# I refinished my stall fronts! (Picture Project)



## BigGirlsRideWarmbloods (Mar 28, 2010)

I forgot! Here's the link to the Flickr Set Slideshow to see more pictures at a high resolution:
Refinishing Stall Fronts


----------



## Cacowgirl (Feb 19, 2011)

Really looks nice! Great job.


----------



## Koolio (Apr 7, 2010)

They look great!


----------



## Farmchic (Mar 2, 2013)

Good job! I'm also working on finishing my stalls and doors. I chose to paint my cross bucks a dark brown. I love how it looks finished but boy is it work!


----------



## Roadyy (Feb 9, 2013)

A suggestion on painting the bars would be to stop a local hardware store and pick up some self etching primer then head for the local auto parts house like Advanced or O'Reily's and pick up a few cans of spray on bedliner paint.
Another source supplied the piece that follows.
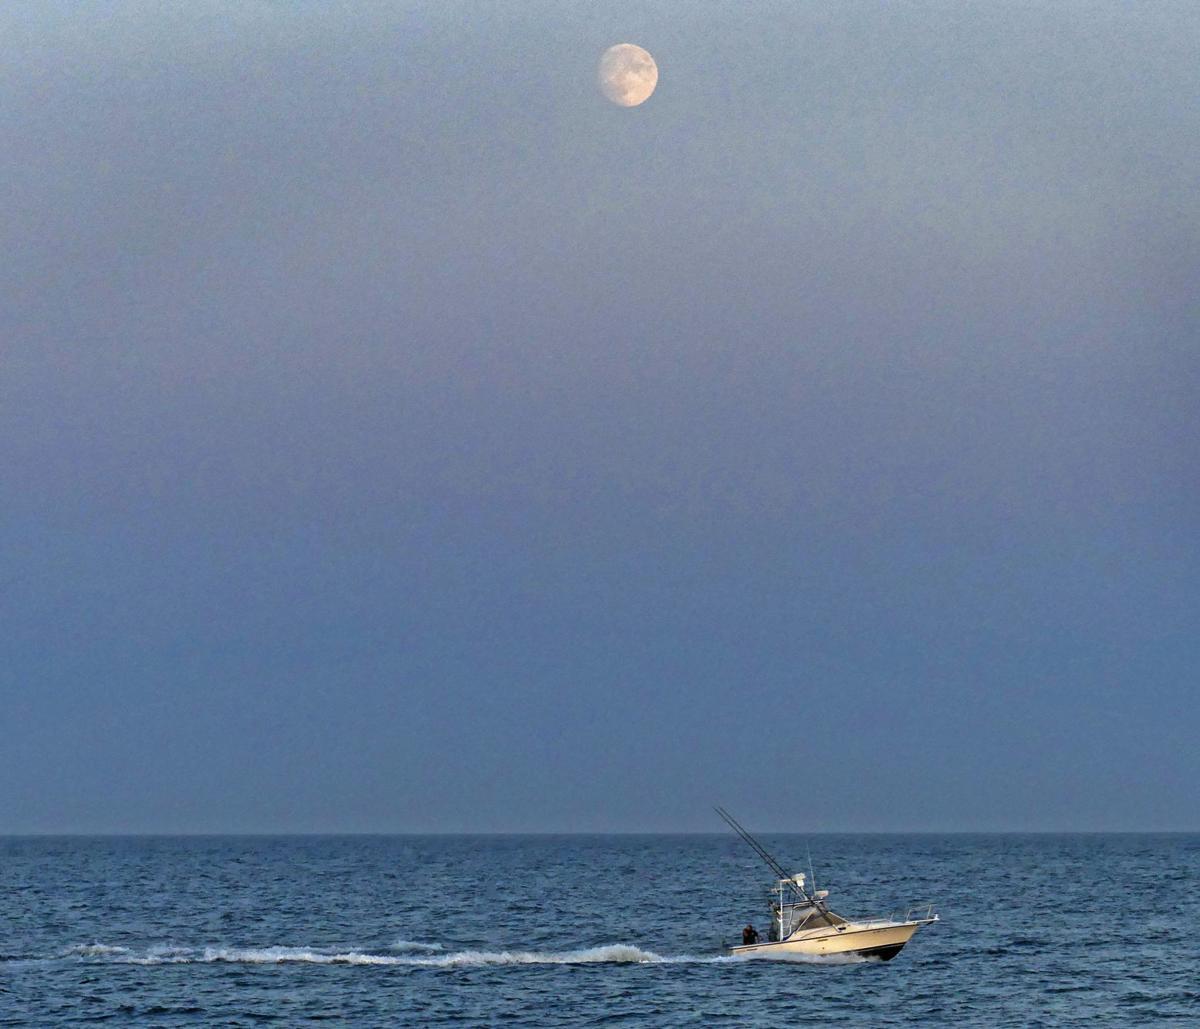 091219 WES Fishing boat and moonrise 69.JPG
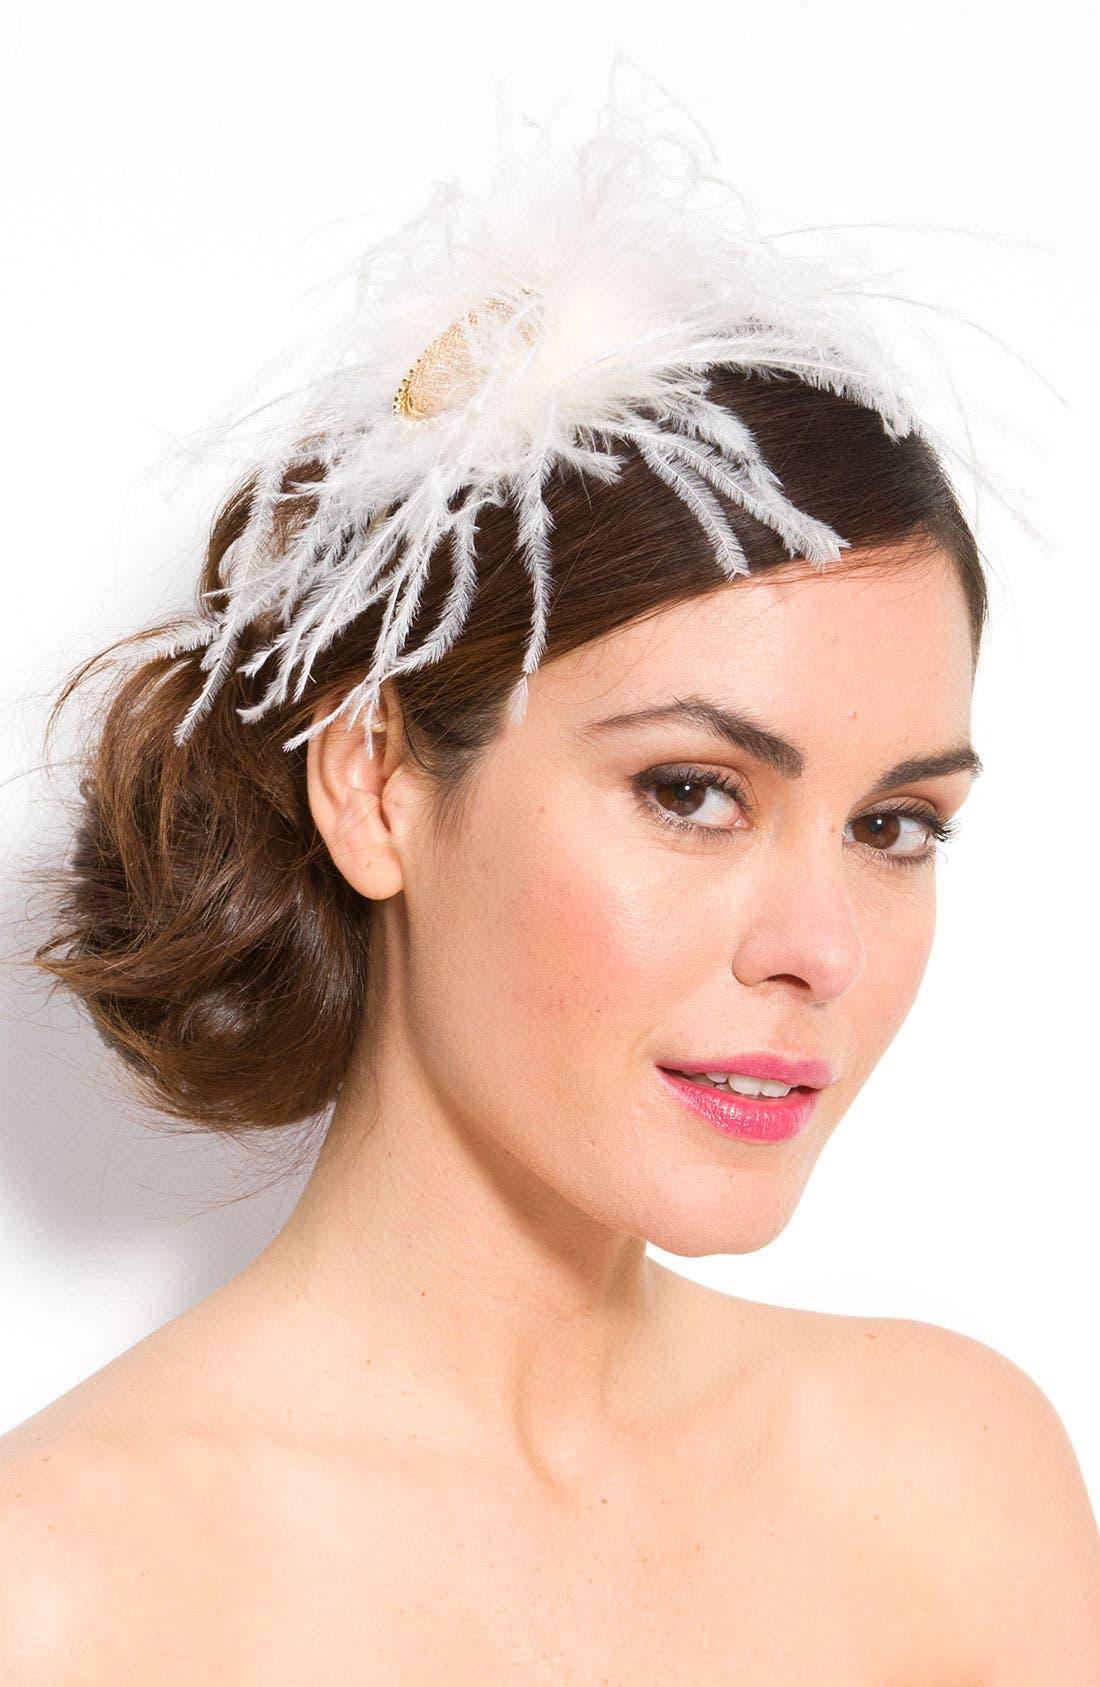 Alternate Image 1 Selected - Tasha 'Fancy Frock' Feather Fascinator Headband

Tape off the wood with painting drop plastic you would use for painting in your house then start covering the metal with the self etching primer. By the time you finish the last area the first area should be ready for a coat of bedliner. 

I would give it 24 hours to cure fully before letting the horses back in there. I suggest this due to the chance of horses nibbling on the bars if they had regular paint on them and getting right back to scuffed up looking bars or metal. Bedliner is hard enough that they will likely never scuff it. Even if they do then touch it up and give it time to set up and it blends in great. 

I build front and rear bumpers for Jeeps that climb rocks and mountain sides. They all get coated with bedliner paint and look great! This pick was taken 3 days after being back from an off-road trip where the back bumper was slammed in the rock ground as I was pointed up at the sky trying to climb a hill. I never once worried about how the bumper was going to look from it.






I hope this gives you some ideas about long term protection for any and all metal in the barn.


----------



## jcraig10 (Sep 14, 2012)

Wow, that looks so much better! (Not that it looked bad before though!) Its a wonder what a little elbow grease will do


----------



## beau159 (Oct 4, 2010)

Looks very high end and shiny!! Nice work!


----------



## waresbear (Jun 18, 2011)

Very nice, excellent job!
_Posted via Mobile Device_


----------



## caseymyhorserocks (Apr 5, 2010)

Wonderful!


----------



## DreamOfDrafts (Jan 6, 2013)

this inspires me to do mine! lol. awesome job they look all shiney and new! 

Different tip for the bars. You can use the rustoleum spray paint. Ive used it on everything from metal tie outs, metal bed frames, xbox 360 controllers, cars etc. It comes in a high gloss version that works quite well. I don't have any examples but I like the stuff, have about a billion different colors of it in my garage just in case haha.


----------



## grizz (Jun 3, 2013)

Looks awesome!! Good job!!!


----------



## Saddlebag (Jan 17, 2011)

Regarding finishing only one side. I know with kitchen cupboards if one doesn't finish both sides that warping will occur. Will that happen with the stalls boards? If the bars are steel, just sand lightly, wipe with paint thinner then apply Rustoleum or Tremclad. No primer. These two products are made with fish oil and the primer will prevent it from doing it's job of preventing rust. I use a small disposable paint roller for jobs like this. It's cost effective.


----------